Much of the conversation around higher education appears to be implicitly reliant on some version of ‘the human as machine’ model. In an age of generative AI—if that is our guiding metaphor, higher education has no future. AI tools are faster, more reliable and more efficient at functioning as machines than human beings. This reductionist view of knowledge and knowing will make the human being obsolete in an era of AI tools. Instead, we have advocated a broader view of education in general and higher education in particular. Herein, we have shown why the move to abstract, universal truth claims and the concurrent erasure of the particularities of the human investigator no longer holds, even in its own terms.

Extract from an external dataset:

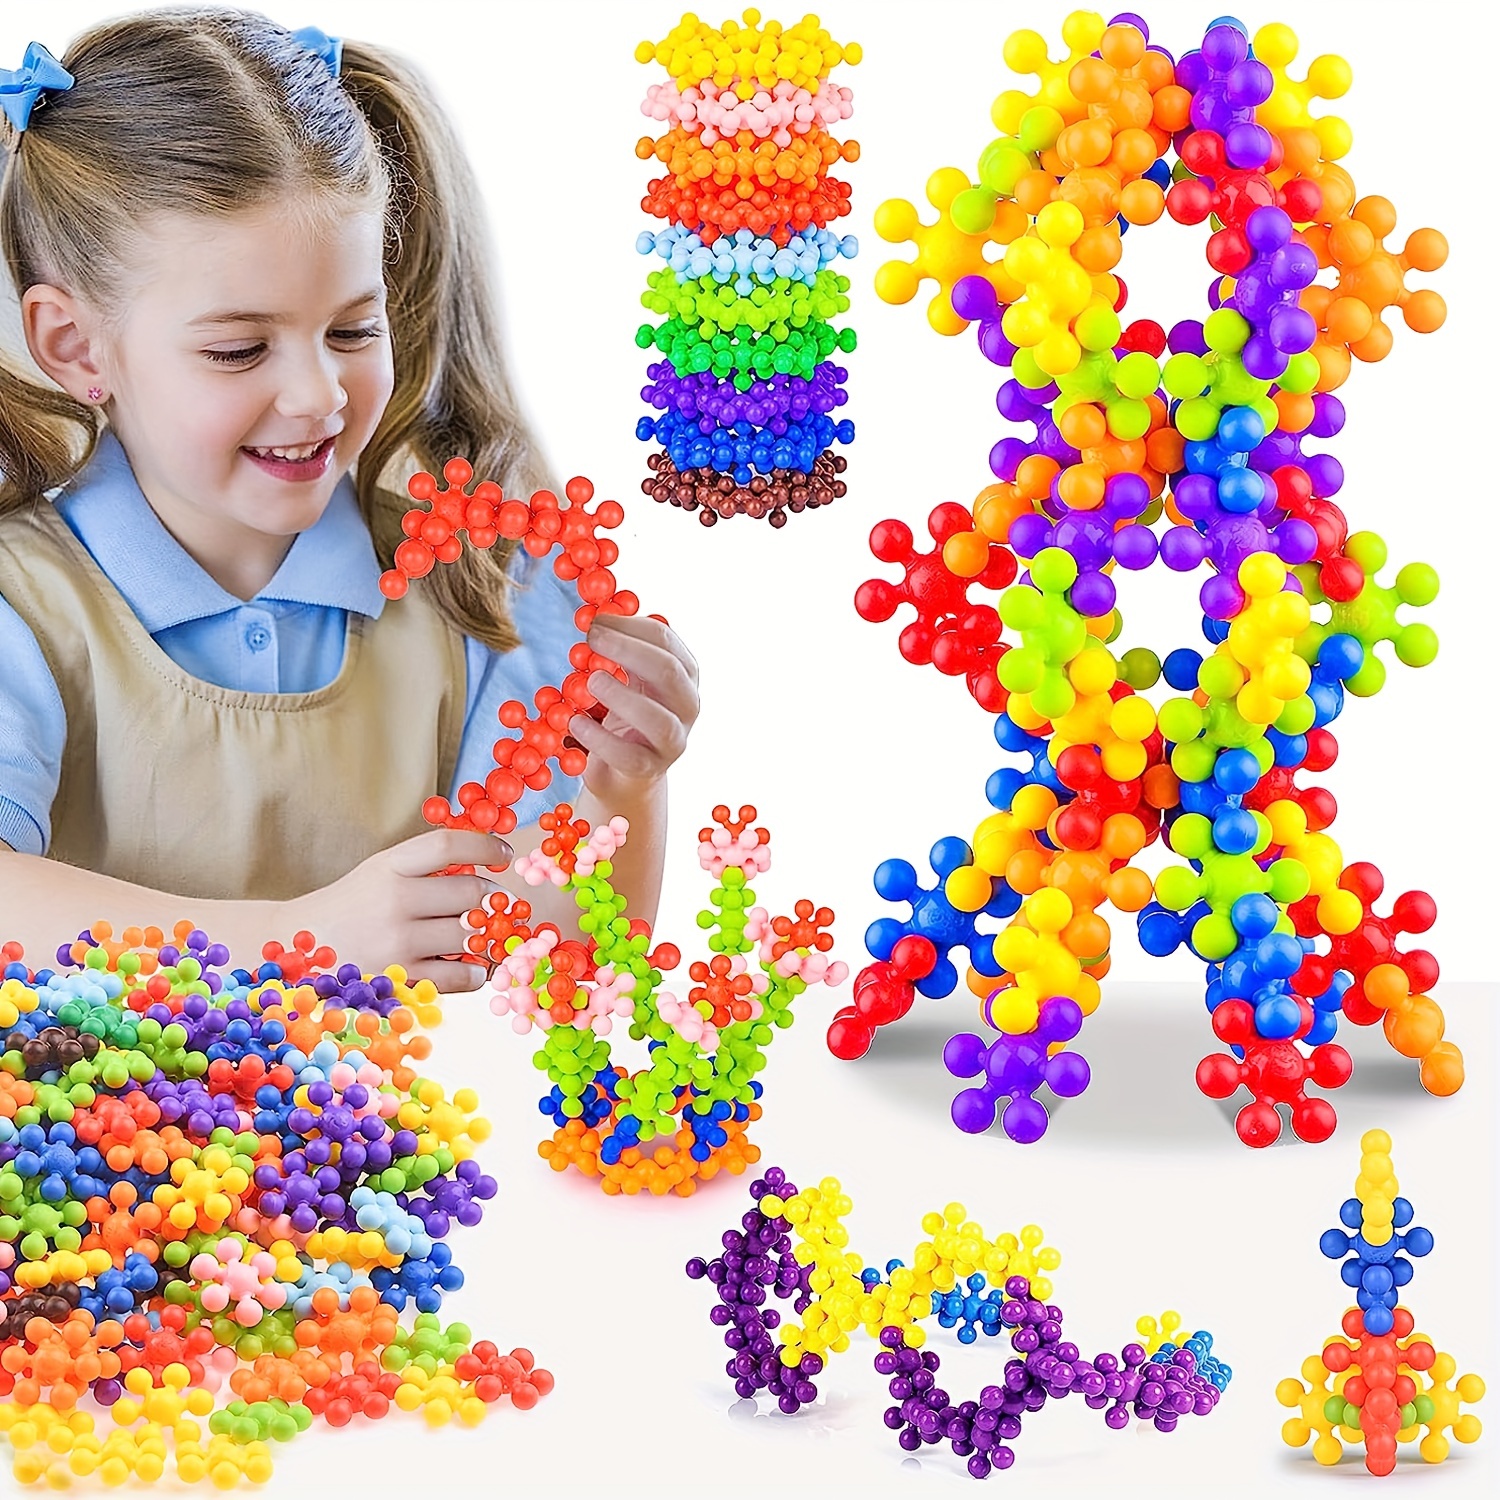 200 PCS Juguetes Bloques para Niños Premium - Caja de Almacenamiento -  Bloques de Construcción - Juegos Didácticos Niños 3 Años - Juguetes  Montessori - Blocks para Niños - Stem Toys - Colores Pastel

This erasure leads to naïve empiricism or the epistemic fallacy (Bhaskar, 1978)—what we experience and know about the world is conflated with the world itself. We easily forget that our concepts are contingent—singularities situated in culture and time and therefore always partial and fallible. Therefore we have argued that the invitation for higher education at this time is to make visible the deep value of the imaginative, intuitive and occasionally brilliant connections that can be made by any one person or team, grappling to understand a singularity at a particular time. We must foster these sensibilities in the next generation. We are deeply curious about the multiplicity of strategies and approaches that will arise in higher education as we do so in the next decade. We are committed to communicating with those involved in holistic approaches to engagement with knowledge such as the community who foster epistemic insight.